For now, Sullivan, who has been on his own since his lost his wife, Gerda, five years ago, looks forward to weekly trivia nights with his friends on Zoom. He wonders if he’ll ever again get to experience the joy of huddling closely with his teammates in a crowded pub. I’d like to do what I can to stem the tide of this virus, to help him get back there, even if it’s not quite the same.
It’s easier for some older people to face this sudden retreat because they’re already comfortable with retreating.
“I was stepping back anyway. I’d already given up my car,” said Selma Kaufer, 85, whom I met writing a different column and checked back with this week. She told me she’s content to sit with a book or watch the world go by on the big balcony outside her apartment in Beverly Grove.

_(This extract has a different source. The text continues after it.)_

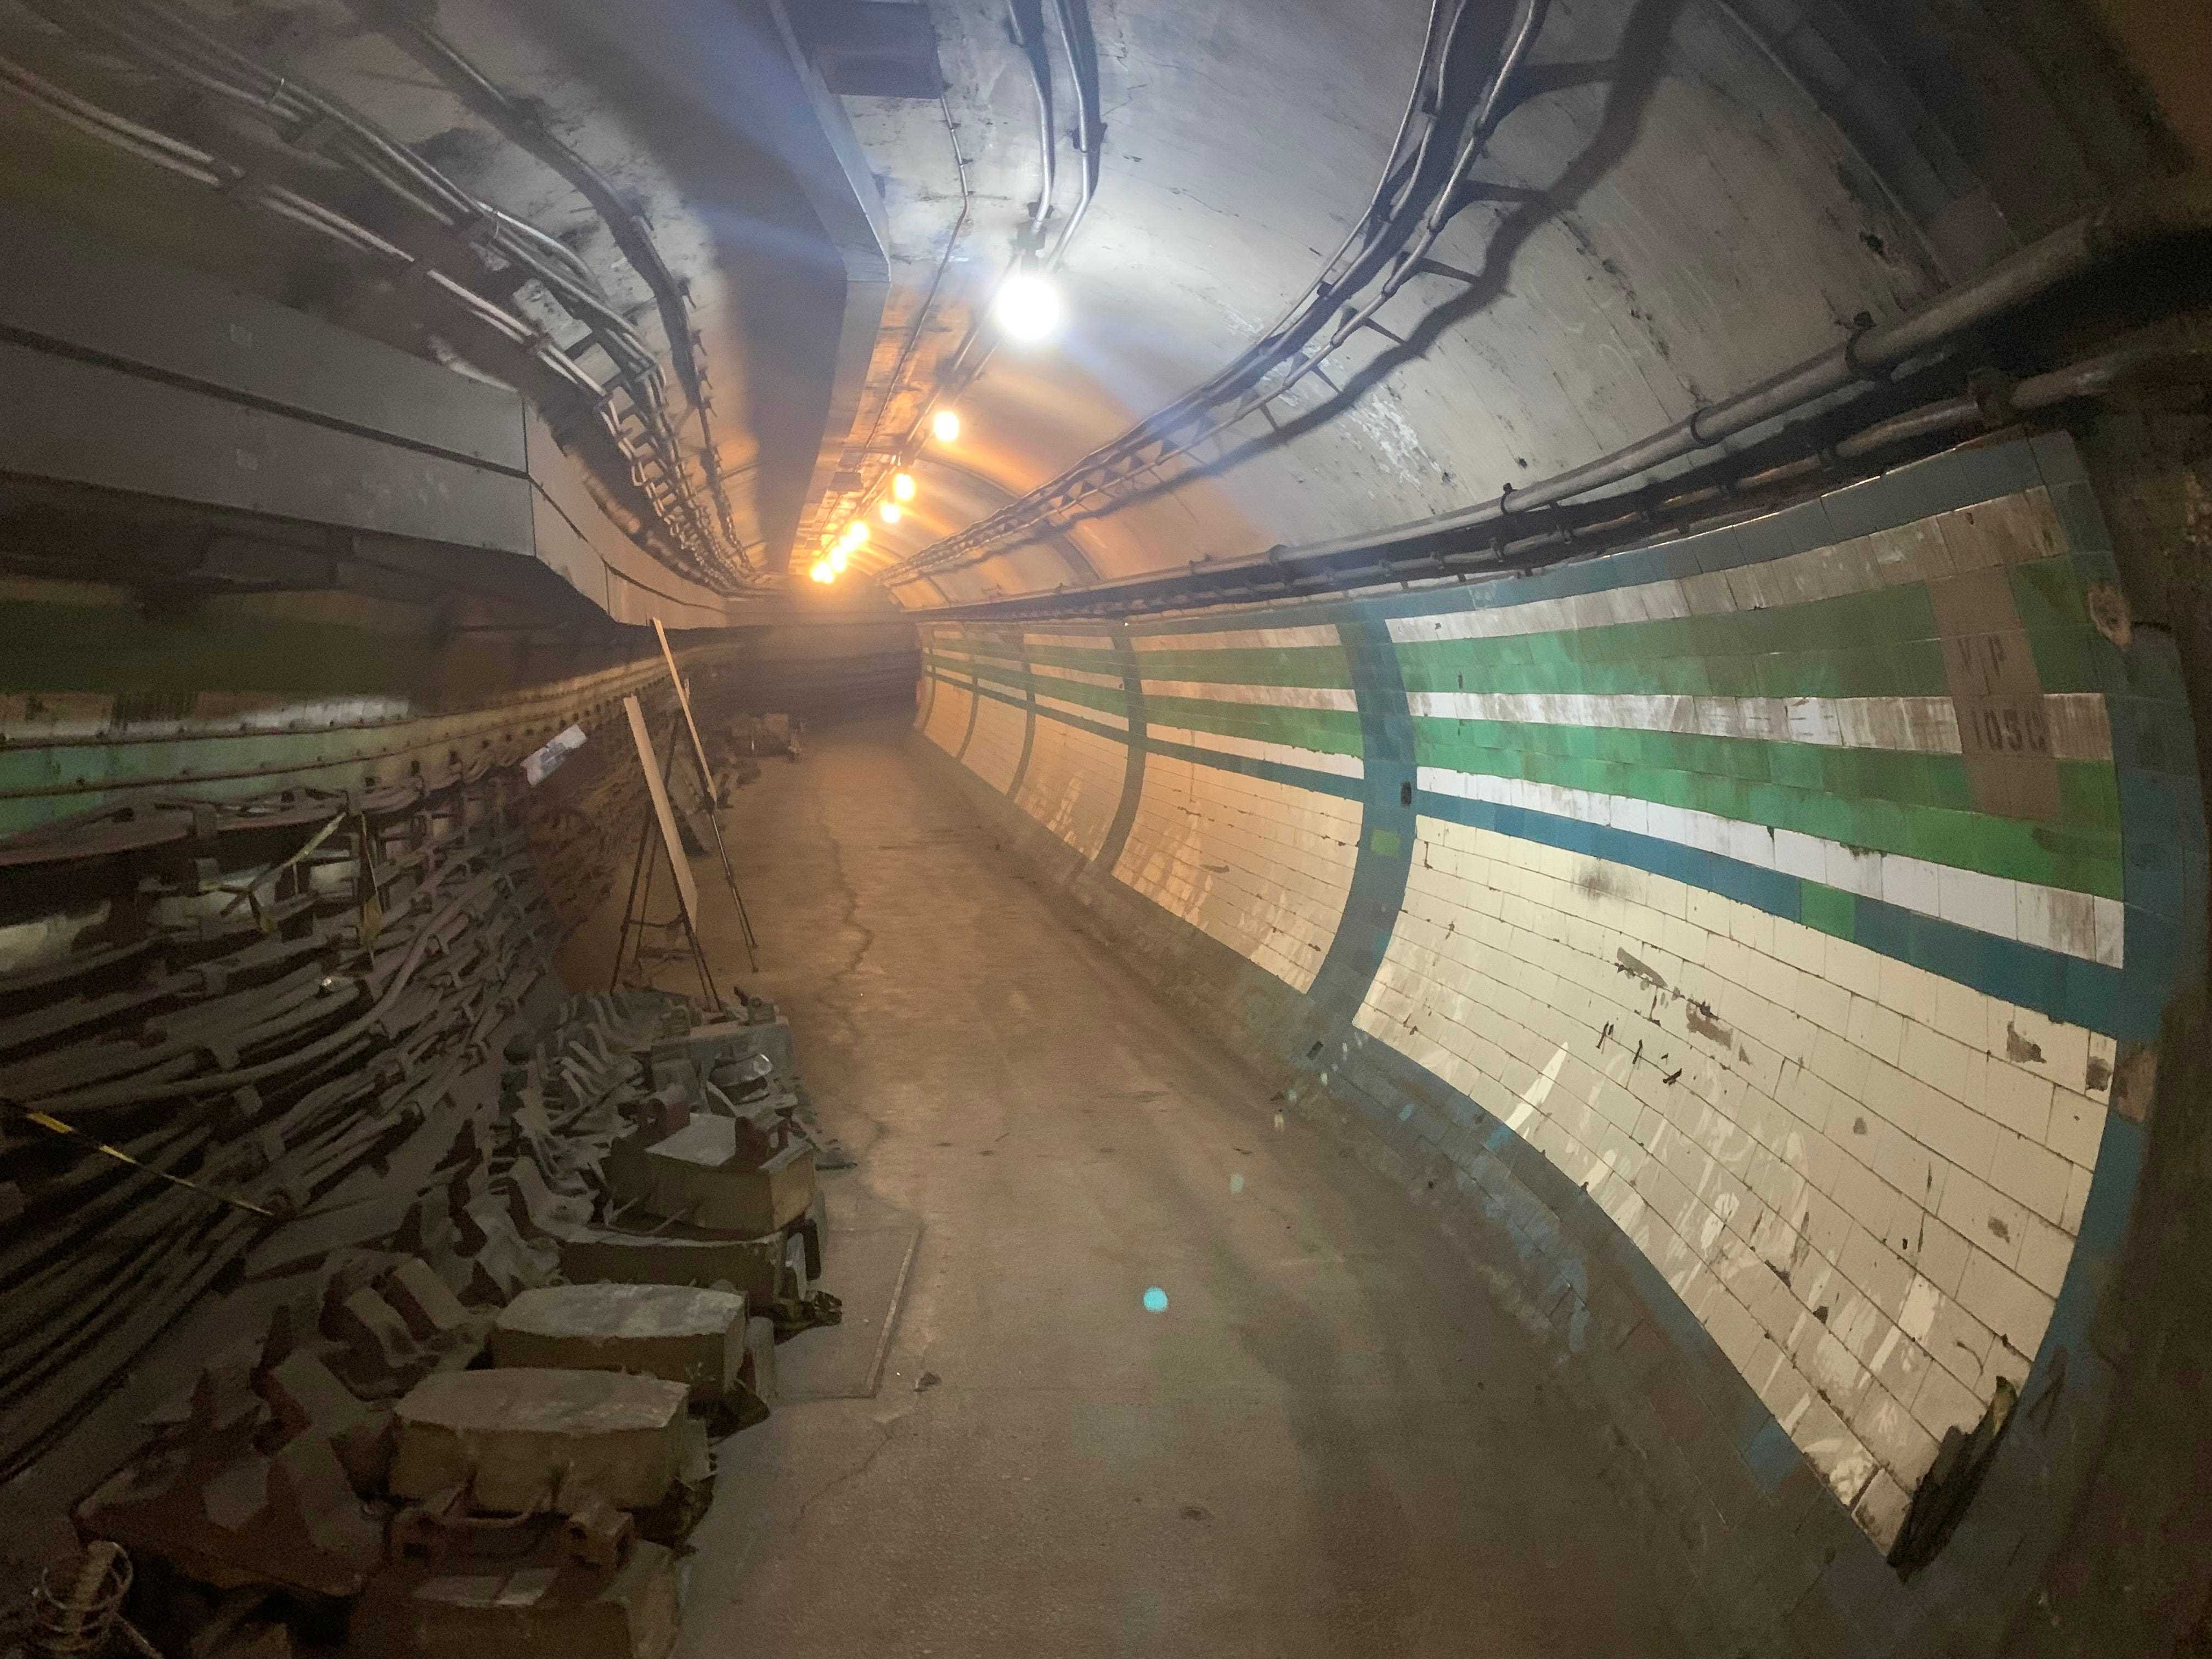 Einer der ehemaligen unterirdischen Korridore am Bahnhof Piccadilly Circus, London.

She’s lucky to have found someone to shop for her — and there’s room enough outside for her sons and her grandsons to visit while staying at least six feet away. She won’t let them closer.
Kaufer’s old enough to remember the polio epidemic, and visiting a close friend in an iron lung. She never forgot “the awful sound” of that machine. She’s taking this pandemic’s rules seriously.
So is Rodney Vaccaro, a 68-year-old screenwriter, who remembers being a small child when polio closed schools and public swimming pools. His brother got it and fully recovered, though many didn’t. He remembers the miraculous moment of standing in line to get the polio vaccine.
“I think it’s really important to try to listen to the voices that are trying to be reasonable right now,” Vaccaro told me.
He’s inclined to be reclusive anyway. He writes, paints, cooks and hangs out with his dog, Giuseppe.
“One of the gifts of age is that nothing seems all that important,” he said. “Things happen. OK, this is another thing.”
Back on the 11th floor at Park La Brea, when Lubkin gets restless, she sometimes sticks her head out the window and tries to take deep breaths.
Sometimes she drives to Santa Monica and sits in her daughter’s backyard to get to see her, if from a distance.
When she can, she goes outside for walks, although she’s wary of her building’s small elevator. She recently had to share it with a young man who wasn’t wearing a mask. She turned away from him and faced the wall.
She shouldn’t have had to. He should have automatically been doing his part to protect her.
I know I will because I have more days to spare.
Nita Lelyveld is a metro columnist for the Los Angeles Times.